BEGIN DATASET SECTION

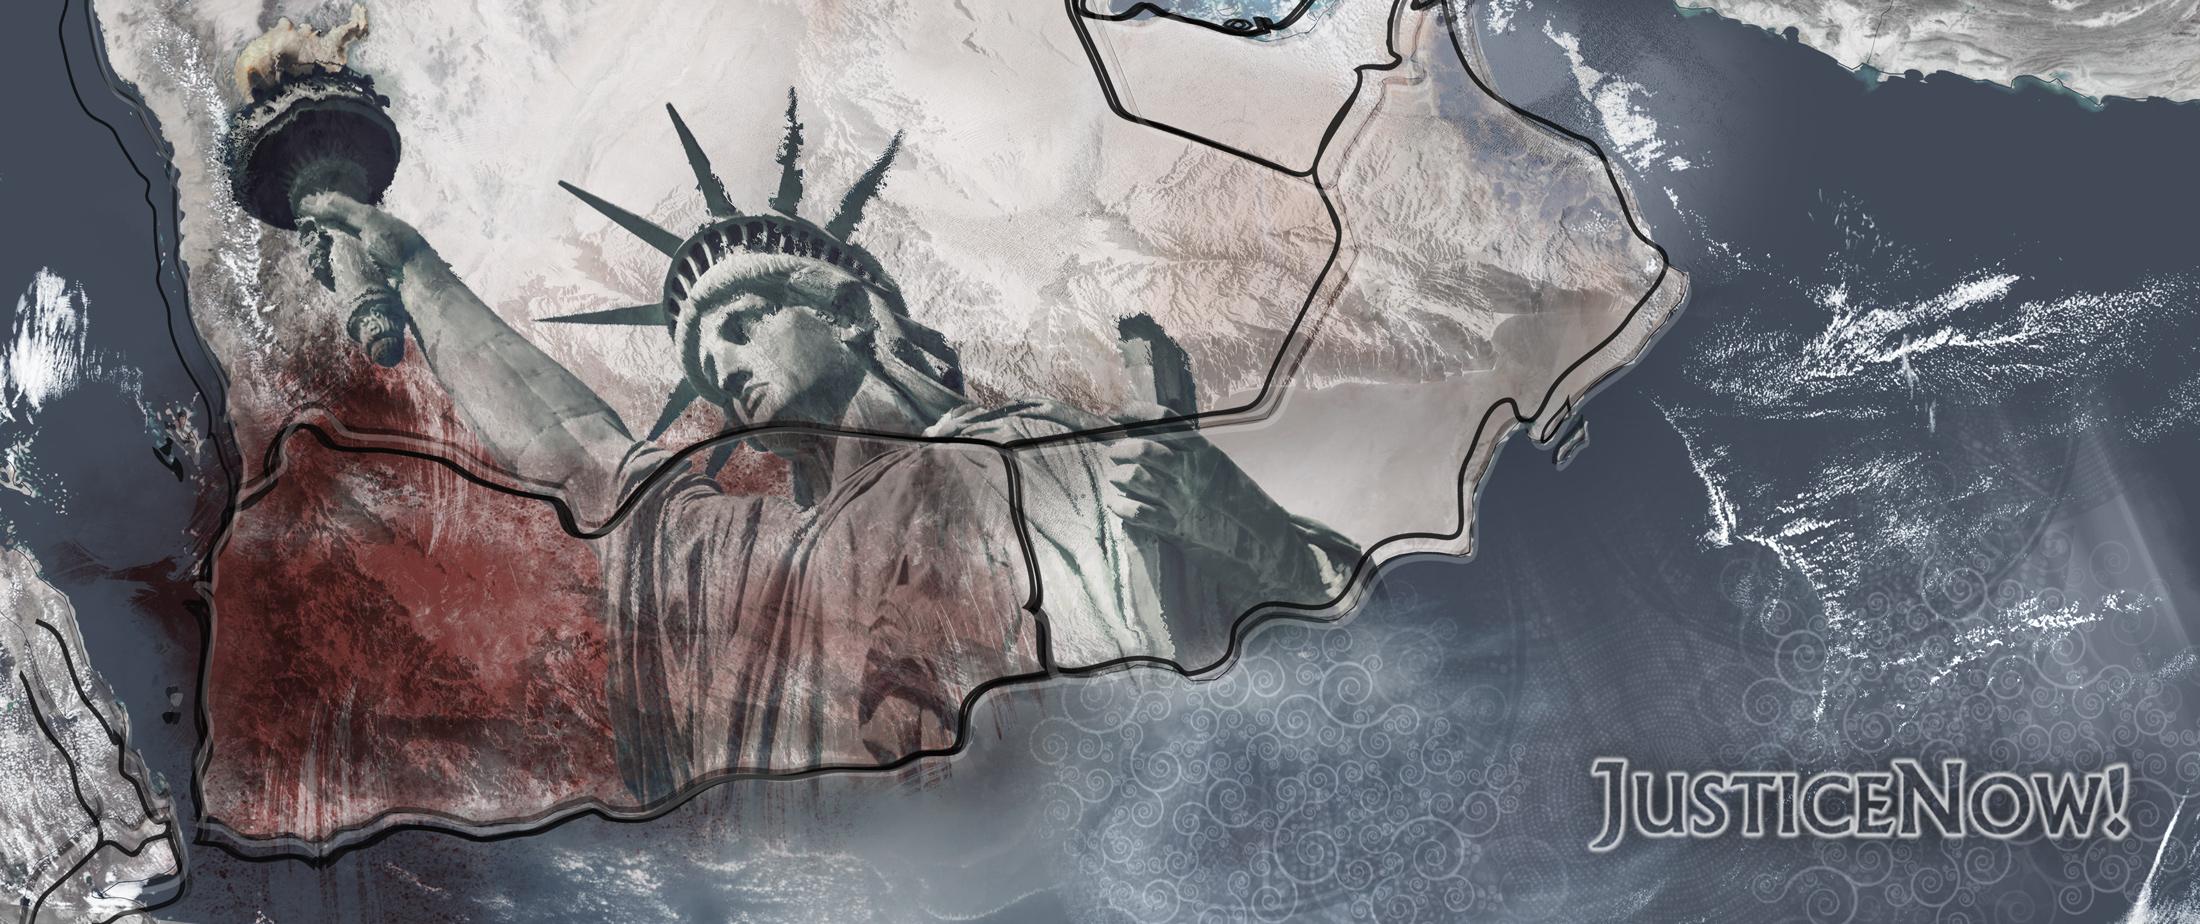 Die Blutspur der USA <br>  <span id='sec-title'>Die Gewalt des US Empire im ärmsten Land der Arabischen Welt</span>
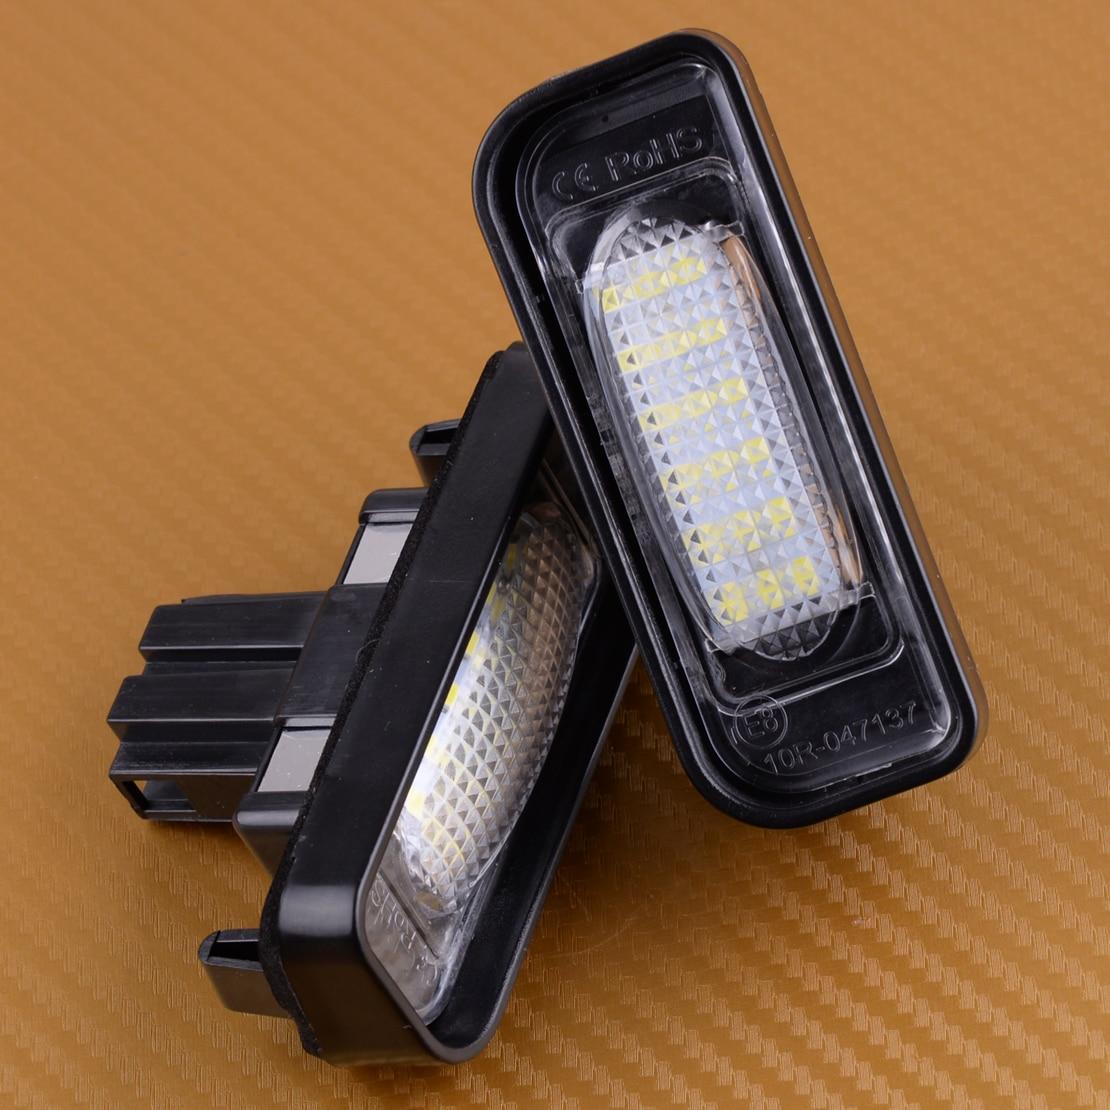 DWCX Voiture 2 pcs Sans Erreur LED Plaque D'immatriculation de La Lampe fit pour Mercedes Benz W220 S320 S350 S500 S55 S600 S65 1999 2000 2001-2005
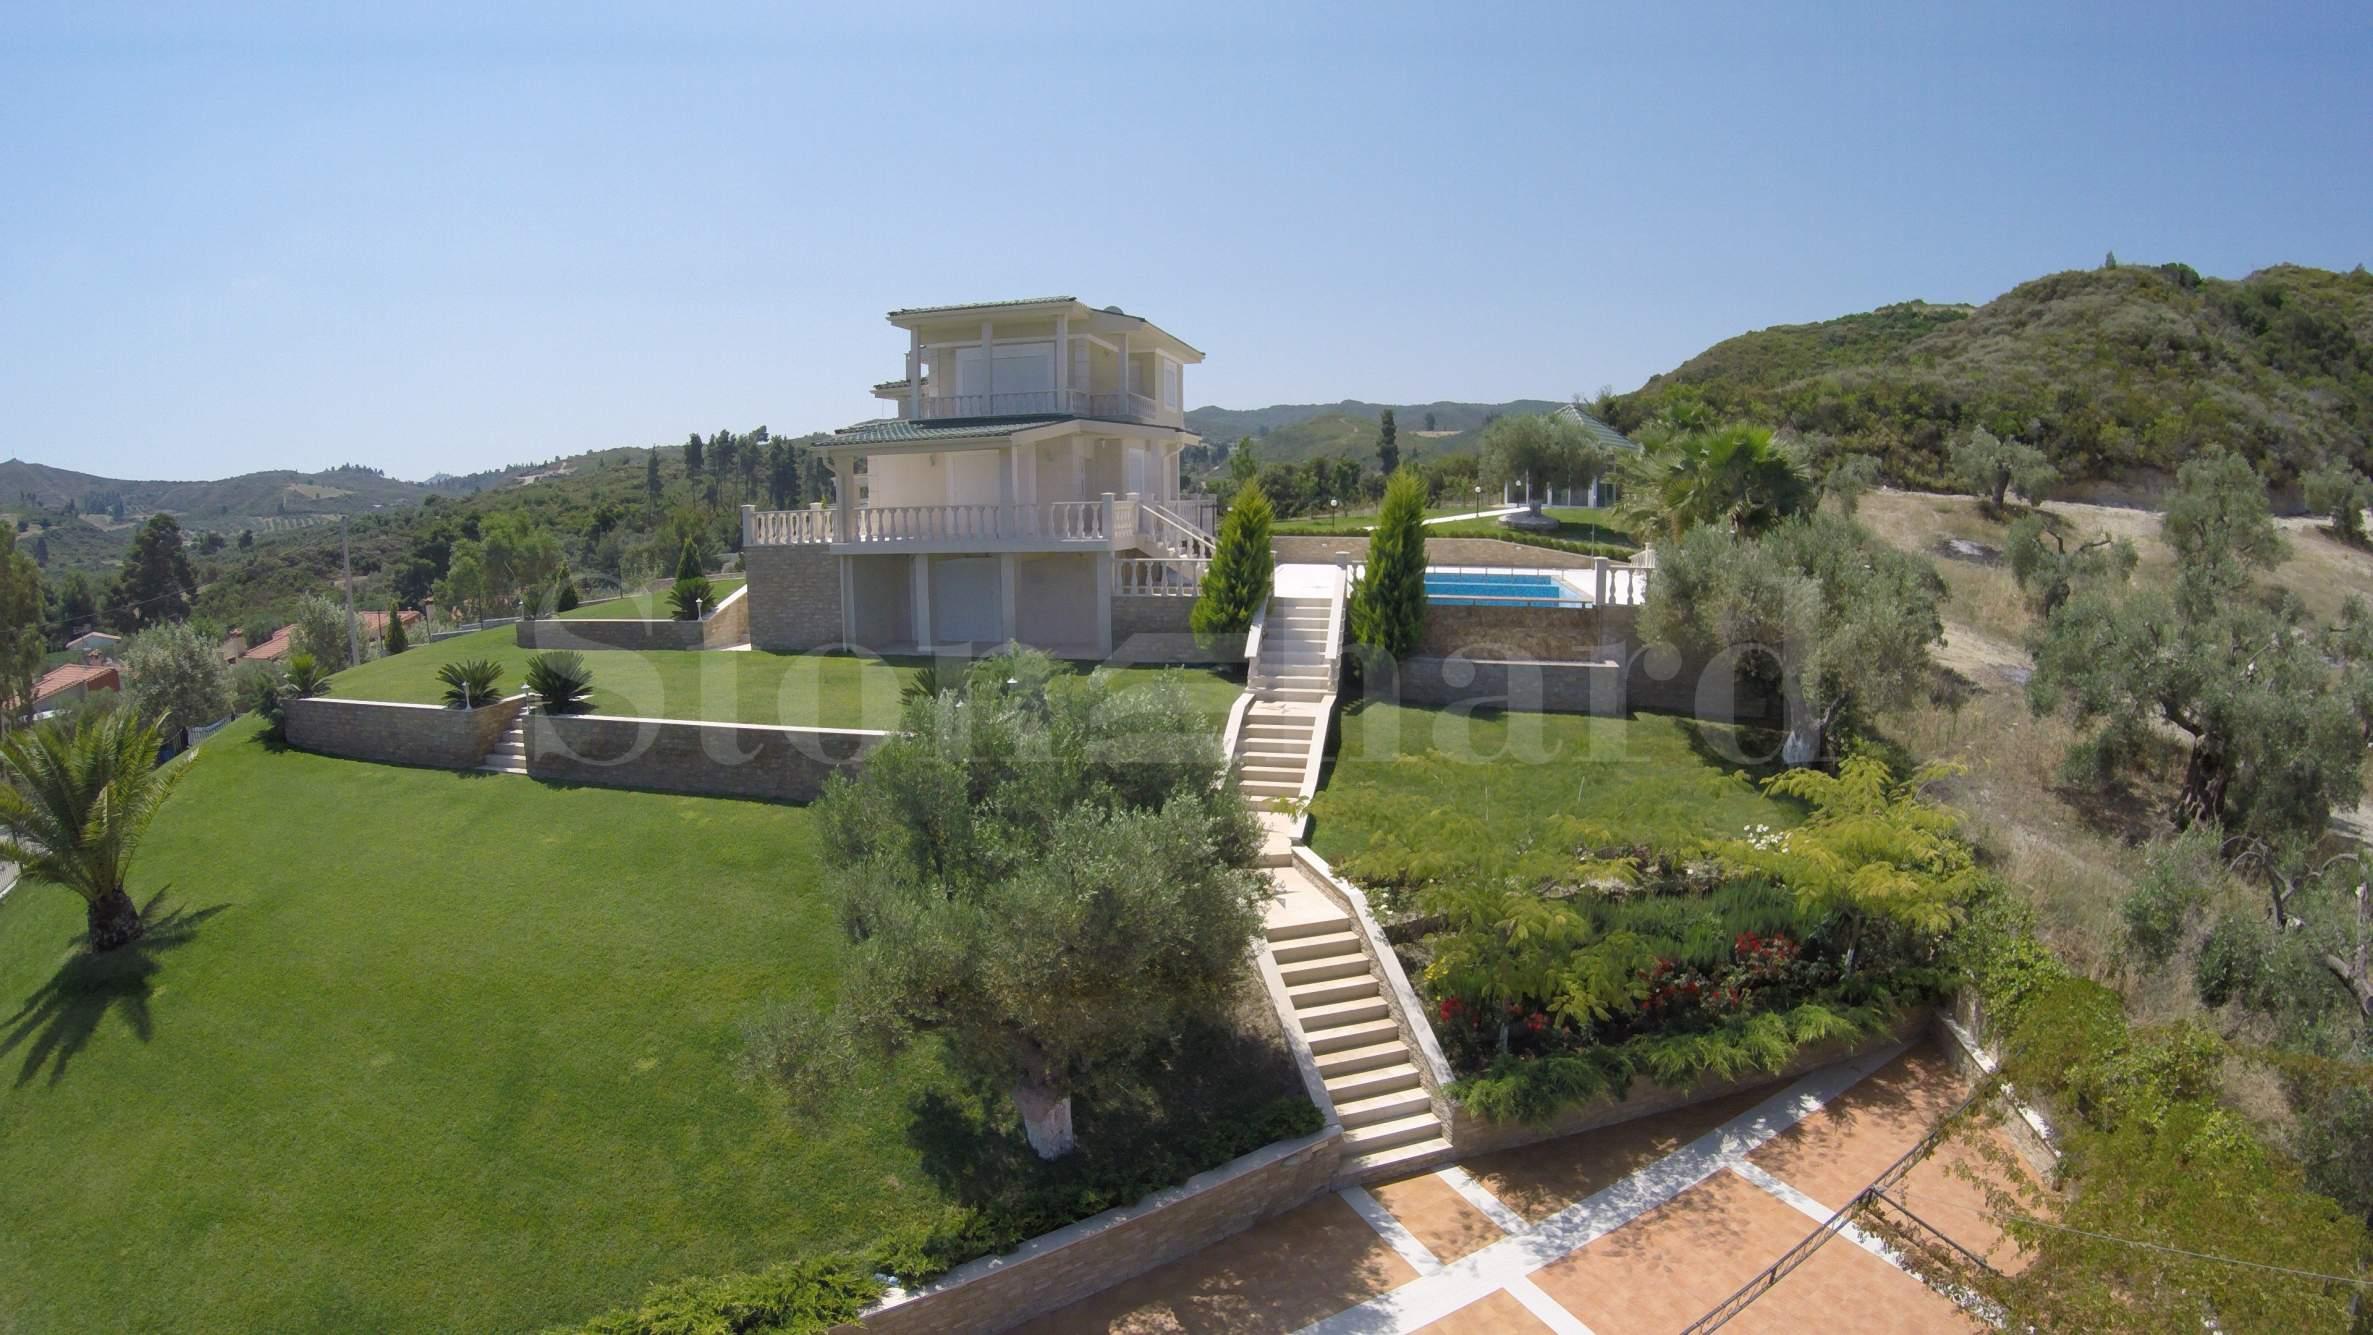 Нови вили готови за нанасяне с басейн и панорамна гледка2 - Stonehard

END DATASET SECTION

Give the listing above again in its entirety, exactly as written and free of images.

OUTPUT OF THE TASK:
 Die Blutspur der USA <br>  <span id='sec-title'>Die Gewalt des US Empire im ärmsten Land der Arabischen Welt</span>
 DWCX Voiture 2 pcs Sans Erreur LED Plaque D'immatriculation de La Lampe fit pour Mercedes Benz W220 S320 S350 S500 S55 S600 S65 1999 2000 2001-2005
 Нови вили готови за нанасяне с басейн и панорамна гледка2 - Stonehard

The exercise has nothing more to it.